→ Task instructions:
In the entries below, repeat only the lines between those holding "Rejoice Braves fans, the" and "19th century rustic trough For Sale", inclusive. Leave pictures out.

→ Input material:
┌────────

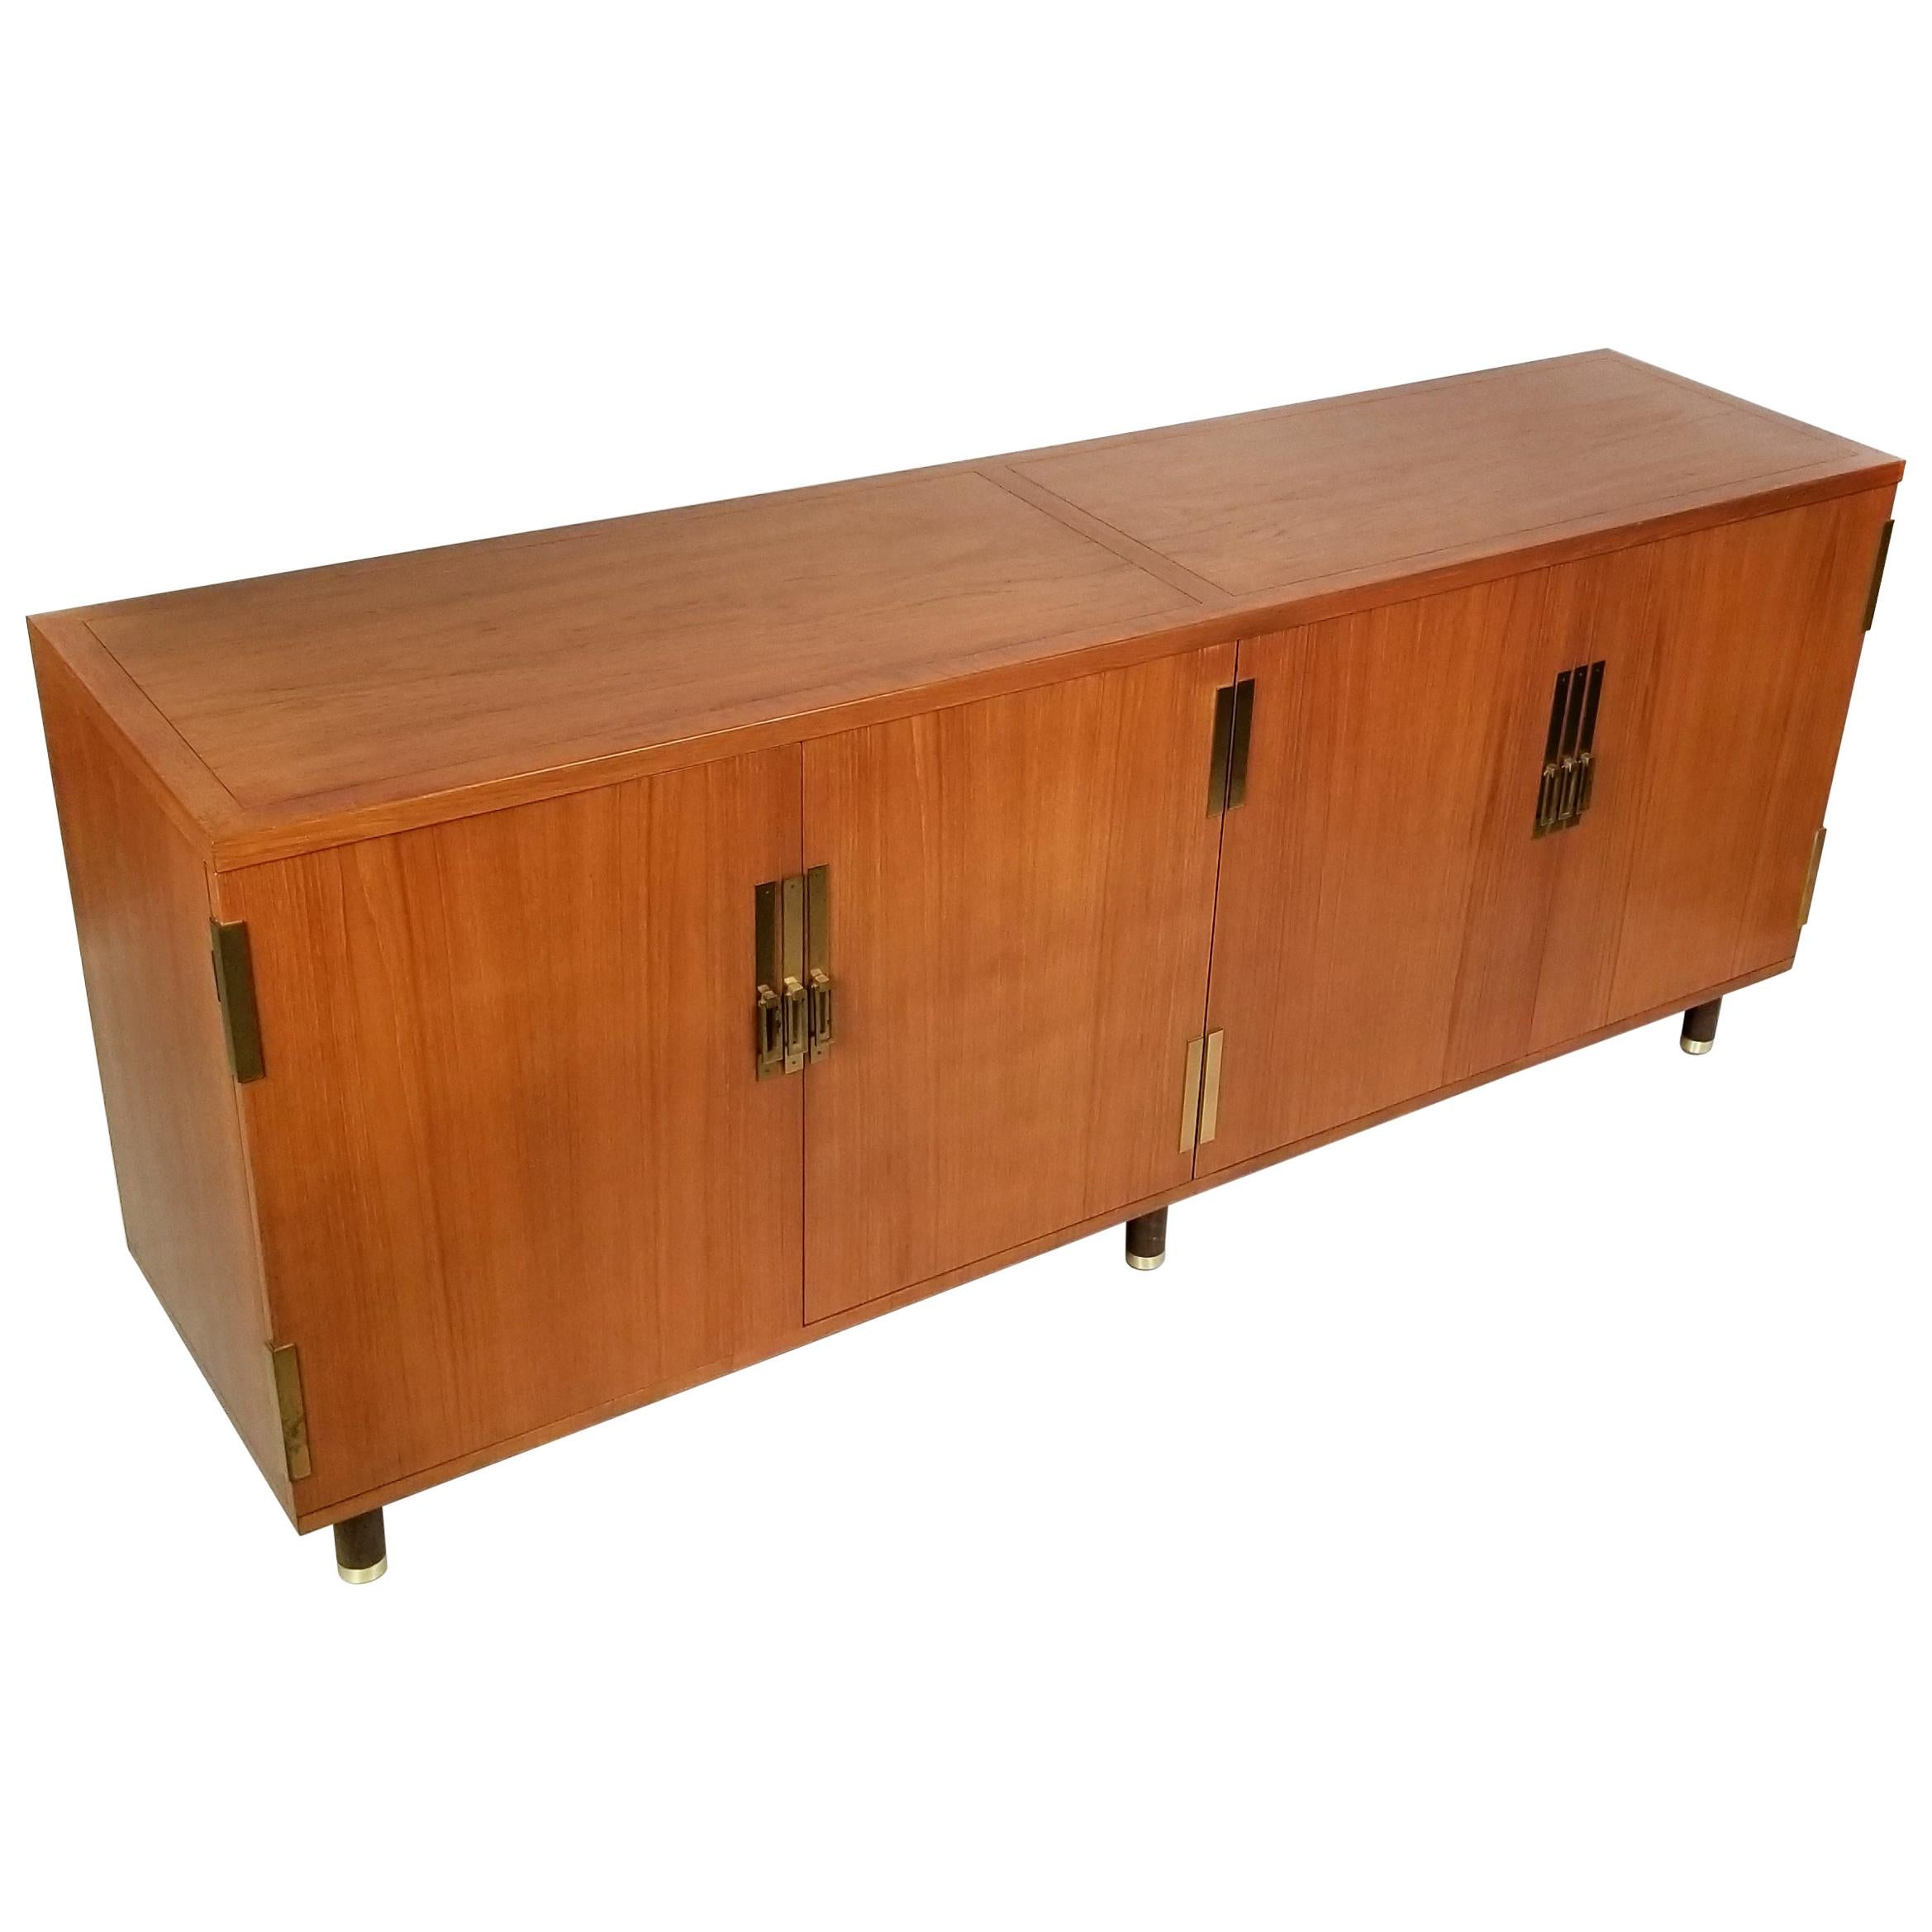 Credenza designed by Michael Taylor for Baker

└────────
┌────────

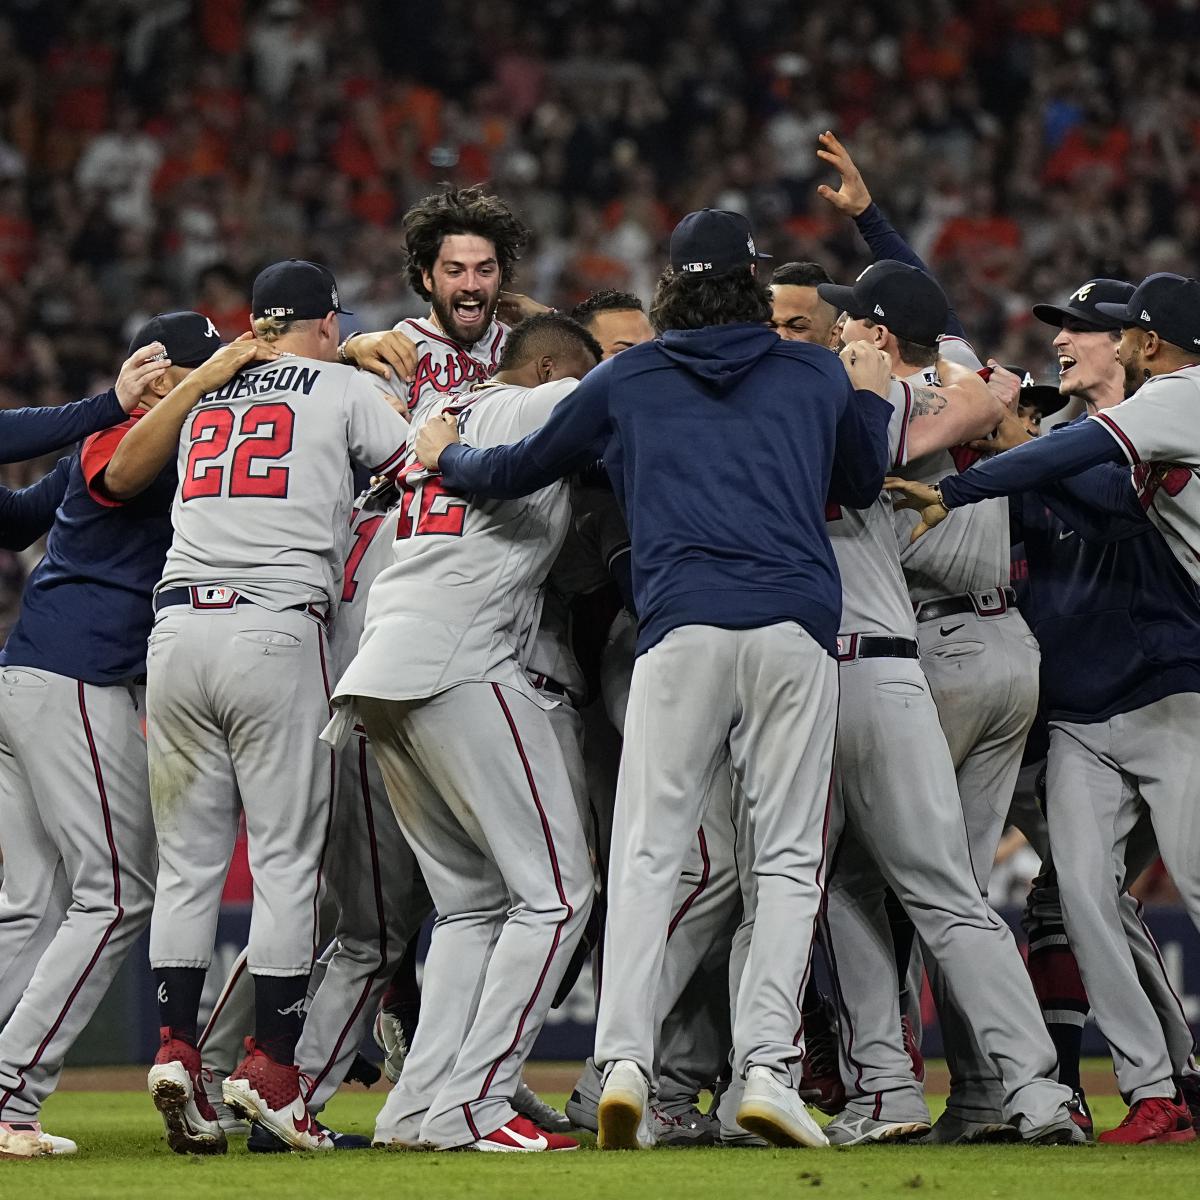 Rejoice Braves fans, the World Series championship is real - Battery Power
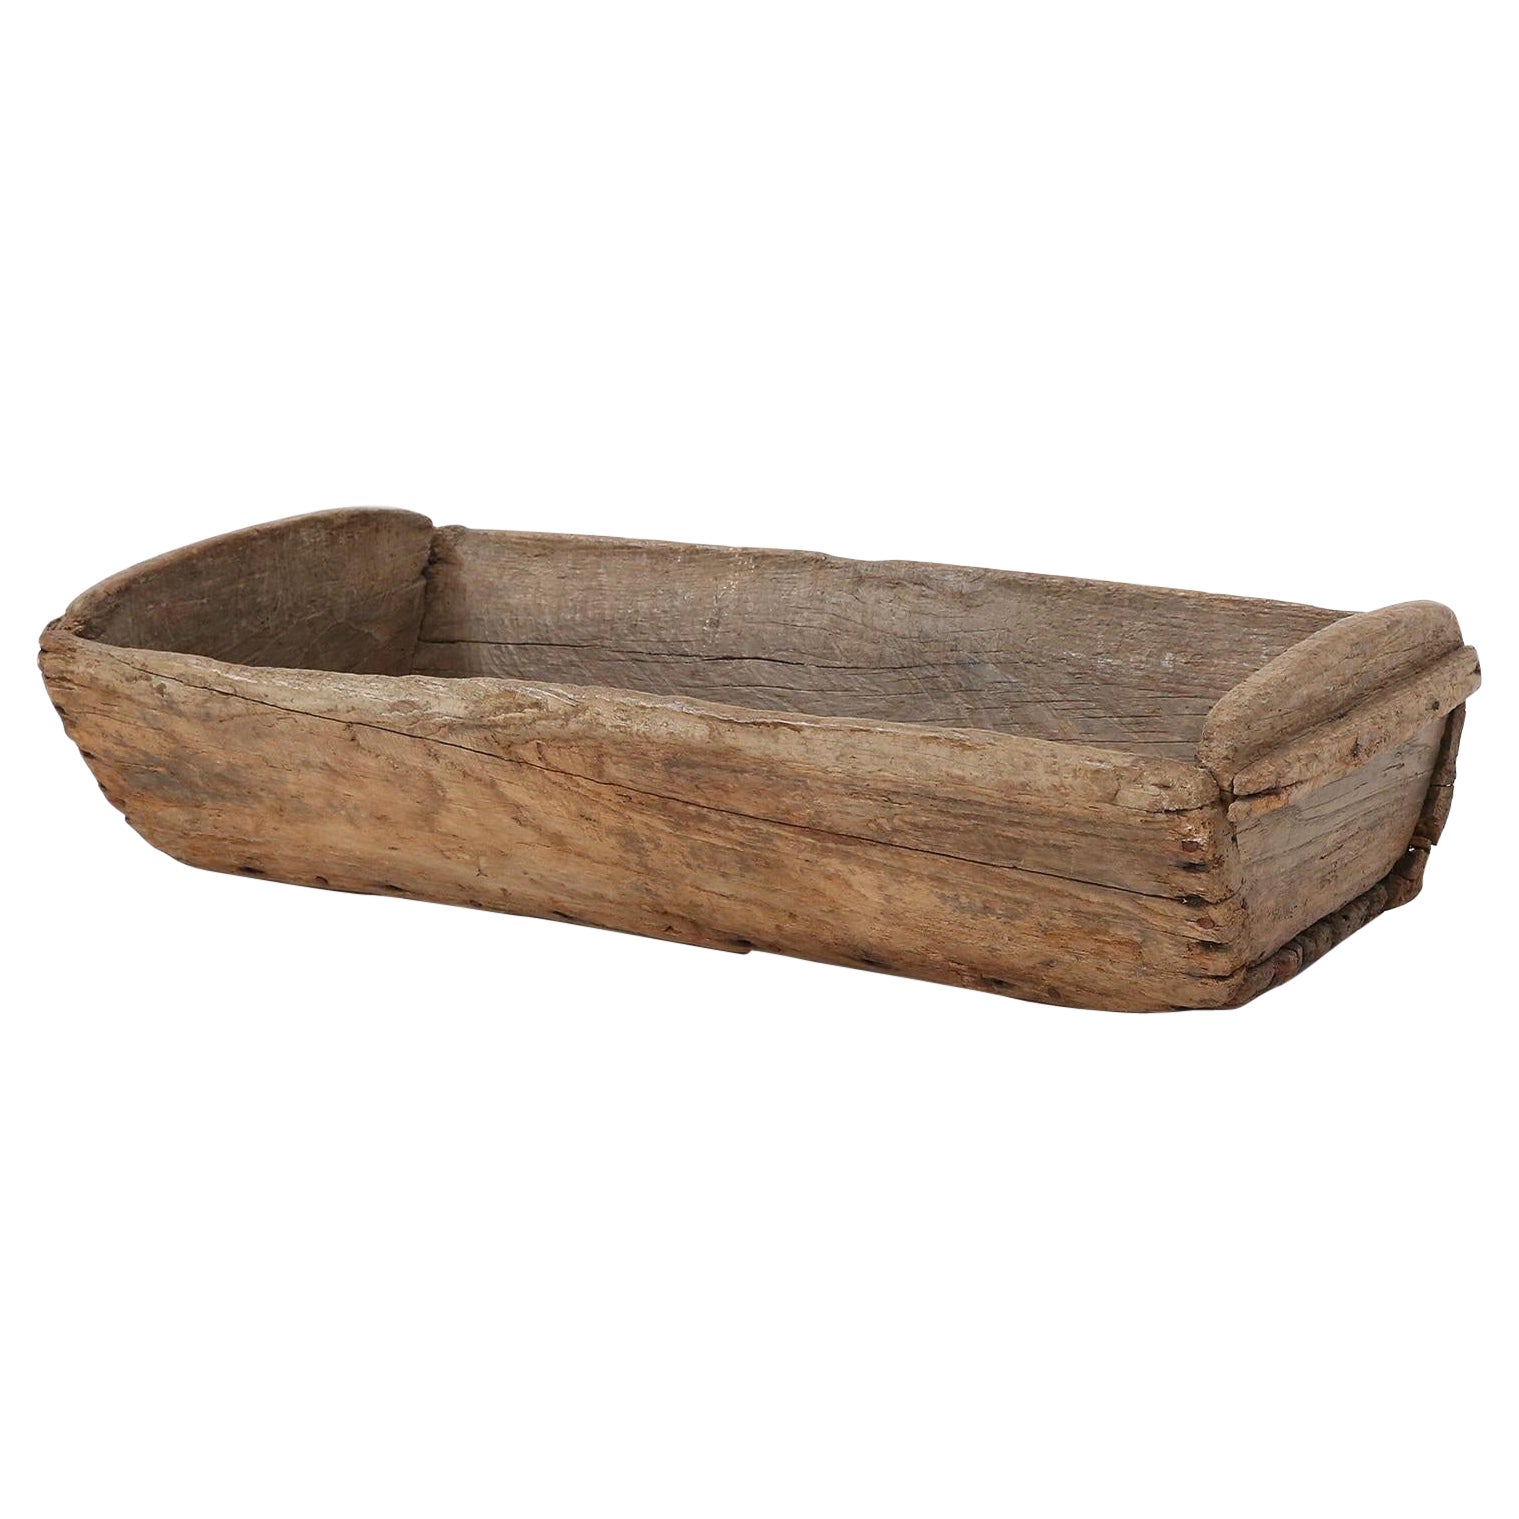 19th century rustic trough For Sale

└────────

→ Solution to this exercise:
 Rejoice Braves fans, the World Series championship is real - Battery Power
 19th century rustic trough For Sale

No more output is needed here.